### EXERCISE REQUIREMENTS
Retype the data that follows line by line, exactly, and leave its pictures out.

### STORED DATA
--- START ---

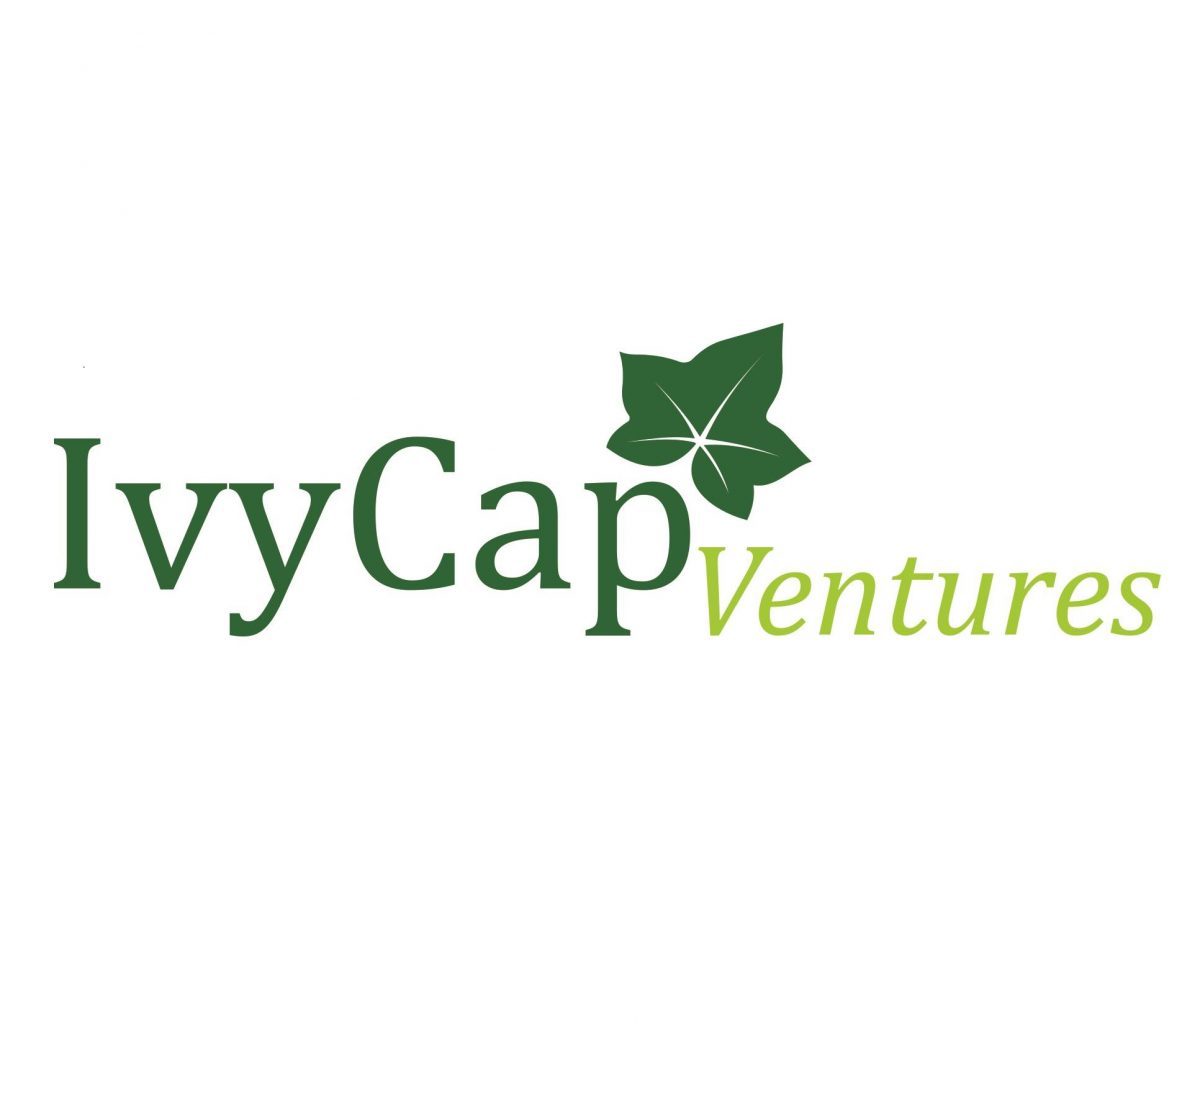 IvyCap ventures
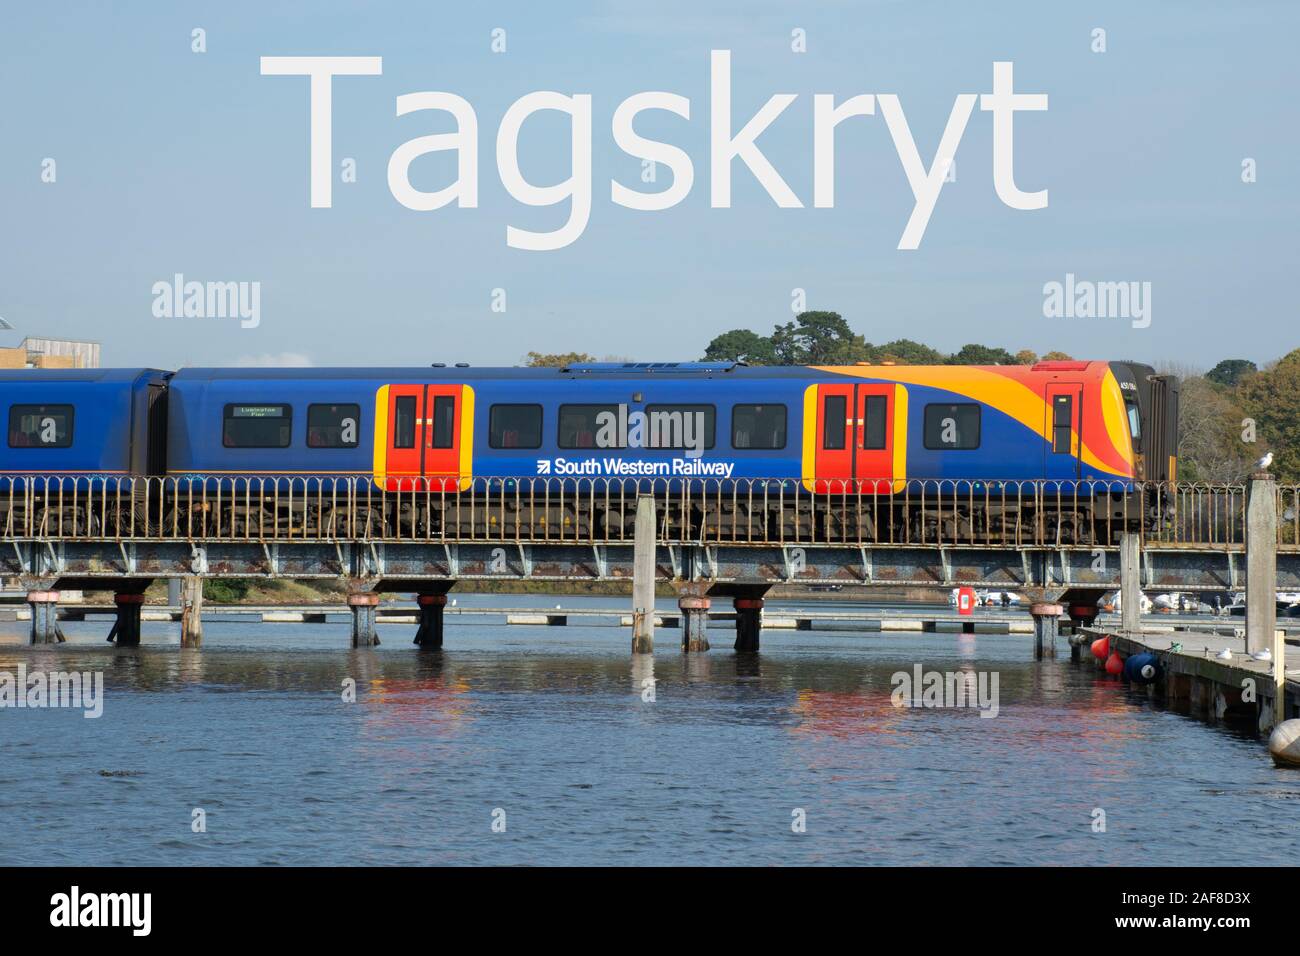 Tagskryt (Svedese per il treno la vanteria) Concetto di immagine - utilizzare il treno invece di volare per la riduzione delle emissioni di anidride carbonica travel Foto Stock
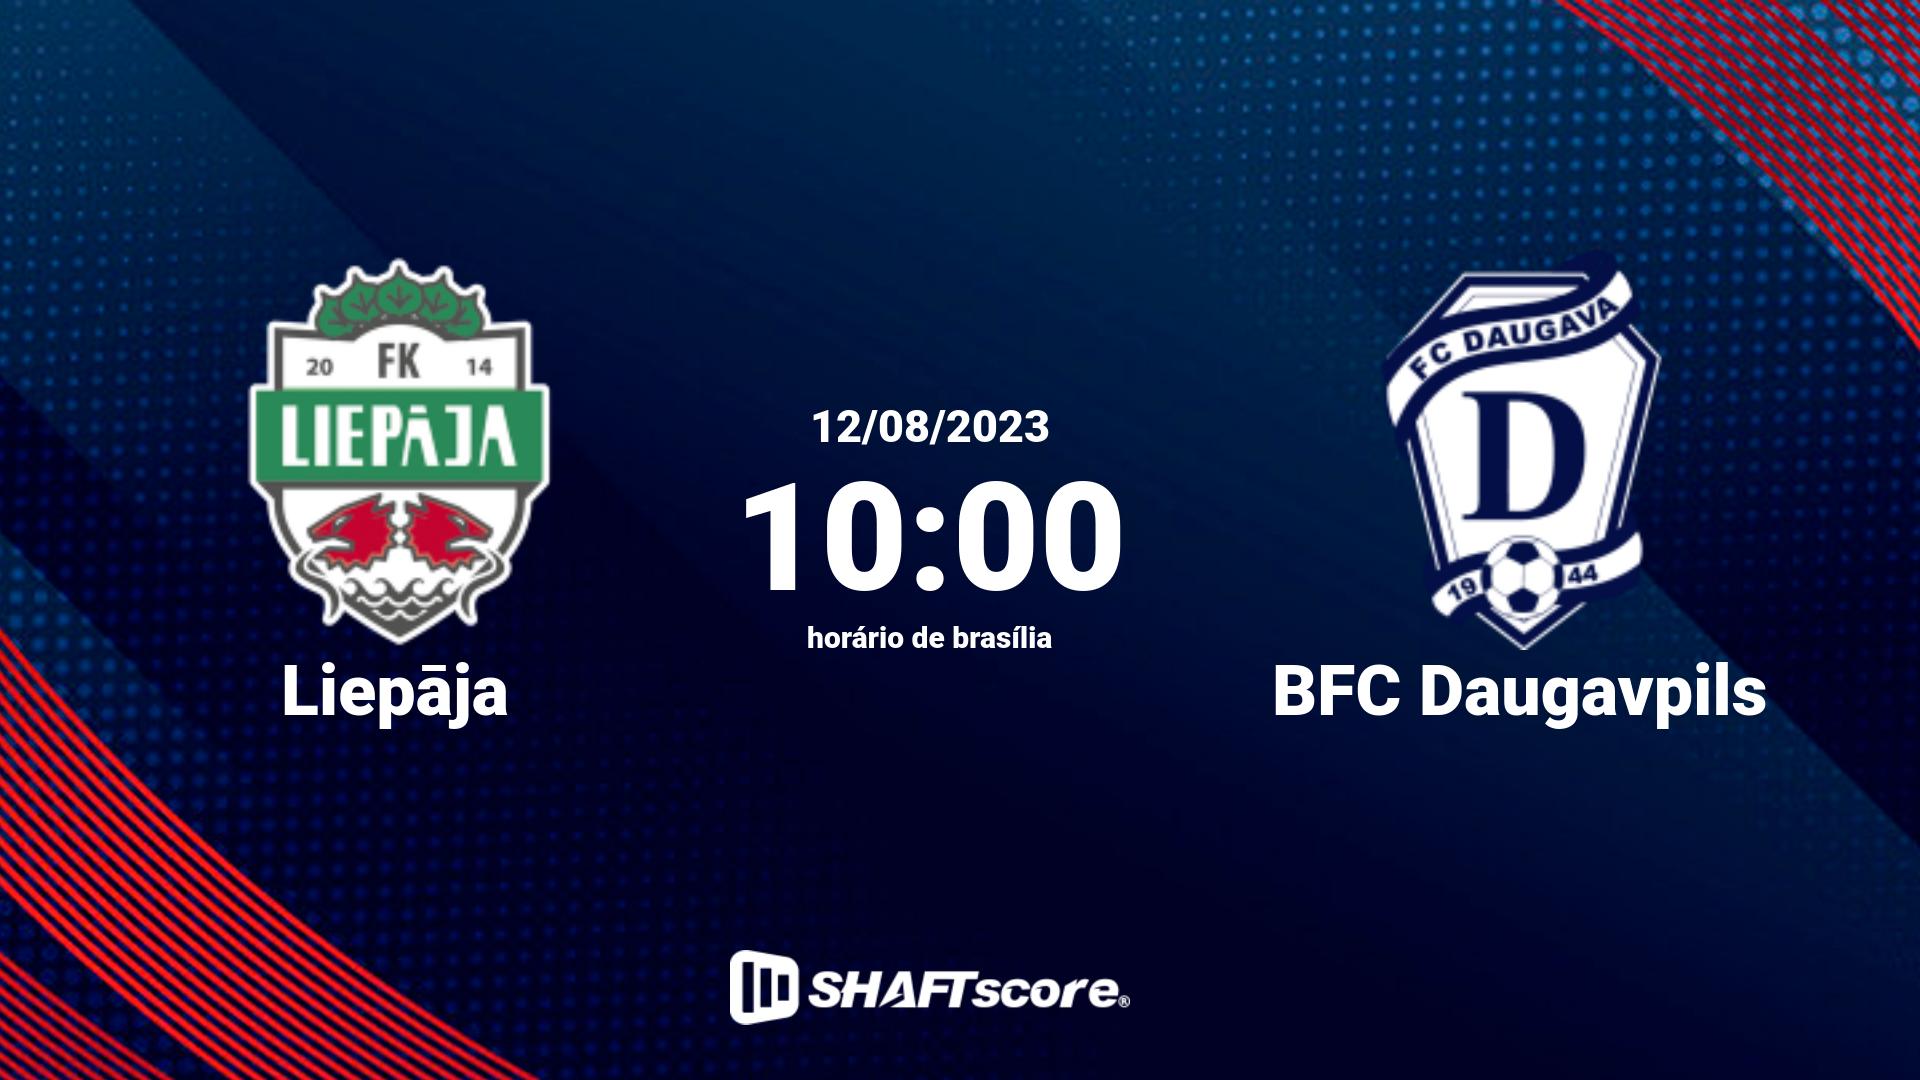 Estatísticas do jogo Liepāja vs BFC Daugavpils 12.08 10:00

--- END ---

### EXERCISE OUTPUT
 IvyCap ventures
 Tagskryt (Svedese per il treno la vanteria) Concetto di immagine - utilizzare il treno invece di volare per la riduzione delle emissioni di anidride carbonica travel Foto Stock
 Estatísticas do jogo Liepāja vs BFC Daugavpils 12.08 10:00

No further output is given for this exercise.